Certainly his political background has helped him in his present job, he says.
"I enjoy scheming how I can fix things and I know how politicians think."
He recalls, in discreetly vague terms, ringing a National cabinet minister on behalf of "some desperate parents."
"I told them: 'This boy needs to be in this institution. They are not going to take him until they know who's going to pay. I could pay but I'm not going to. It'll be on Holmes tonight if you don't fix it, minister.' And it was fixed within half an hour."
The same willingness to act was behind his decision yesterday to pay about $9000 for the treatment of a suicidal 14-year-old drug addict because no other agency was prepared to pick up the tab.

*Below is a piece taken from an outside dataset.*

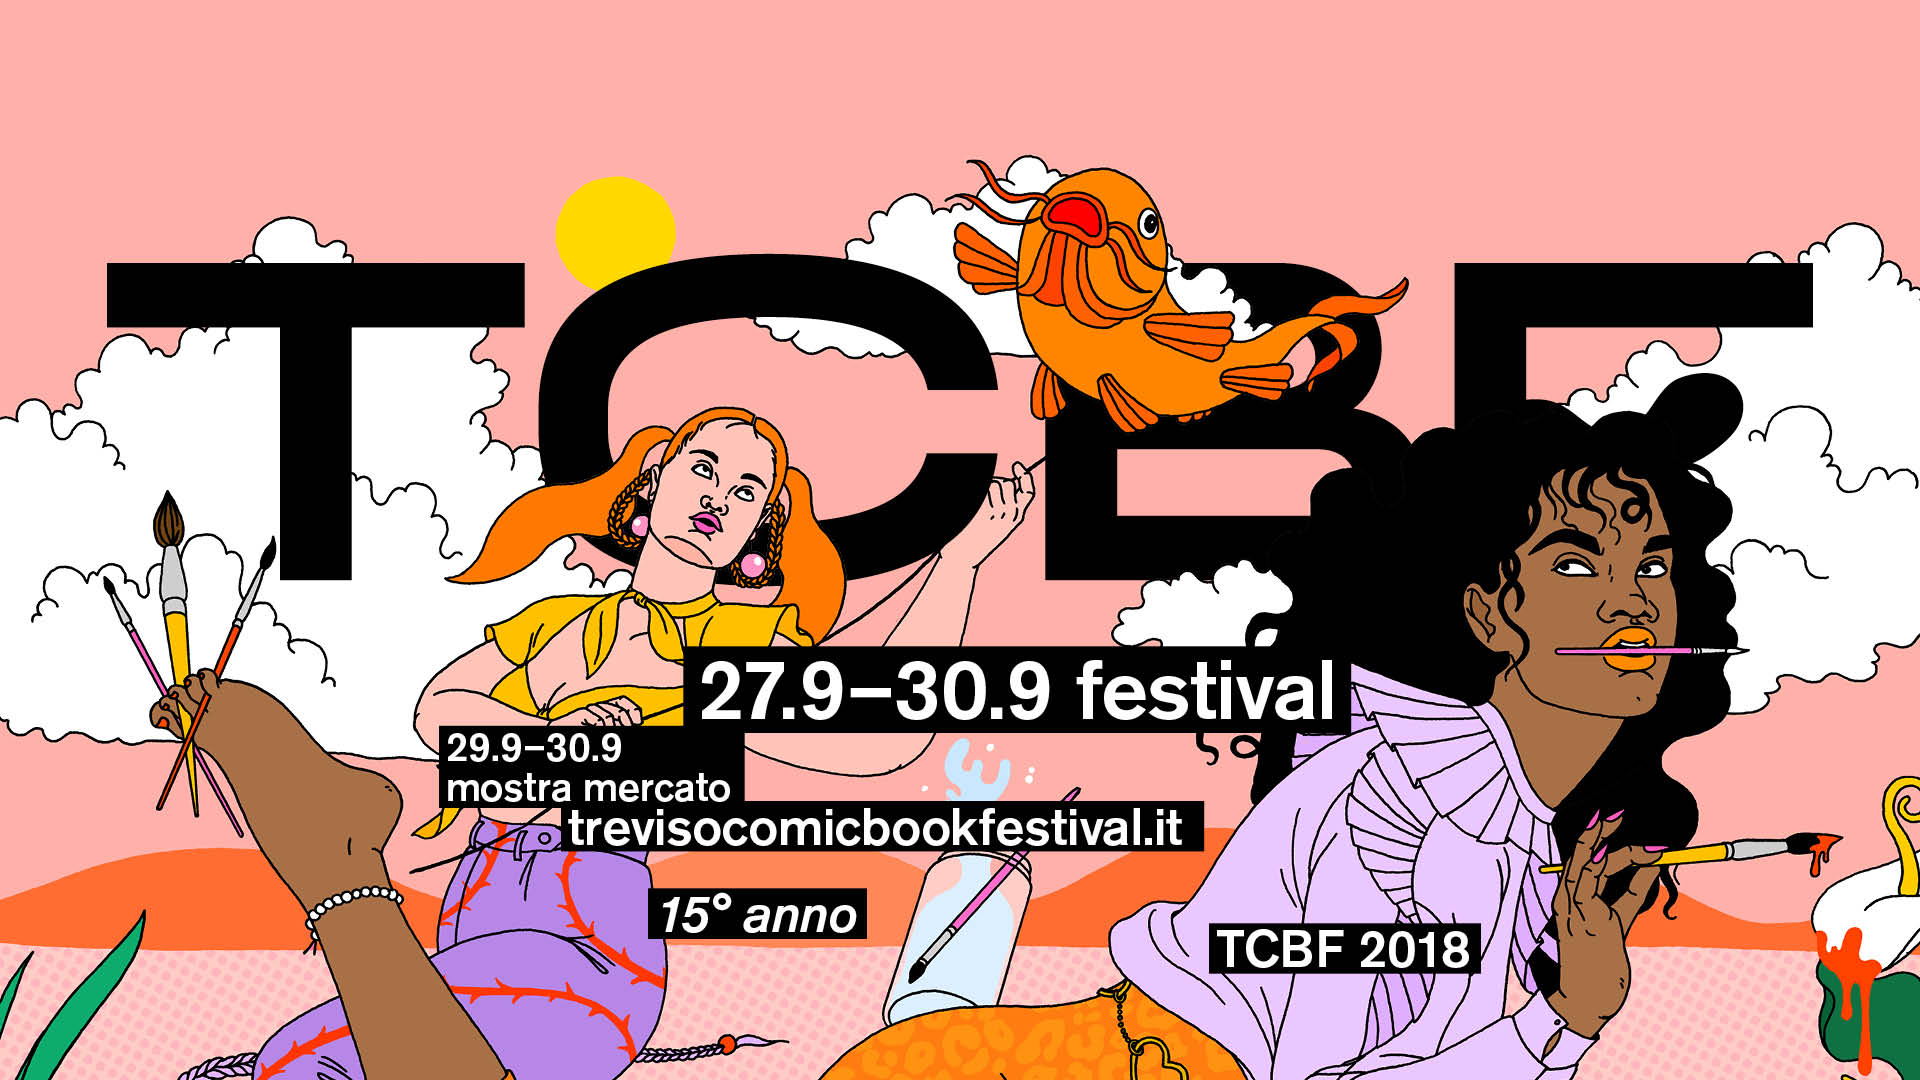 Treviso Comic Book Festival 2018: tutti i vincitori dei Premi Boscarato

He cannot legally intervene in specific cases, but he's confident his public stand will embarrass officialdom into action.
"I'll get the money from somebody," he says, "and I'll probably get some policies rewritten along the way. If I don't get the money, I'll just have to make sure I get $9000 worth of policy change."
In conversation, Roger McClay comes across as an intensely pragmatic man who relies on common sense rather than learned journals to make a public impact. It was a feel for the public pulse, rather than criminological research, that inspired his public ridiculing this week of the idea of home detention for child-abusers
"Yes, I am pragmatic, I suppose," he says. "I try and use common sense. Many people think I'm not talking much common sense on the smacking issue, I know. But I keep on about it because every time I raise it another parent stops smacking."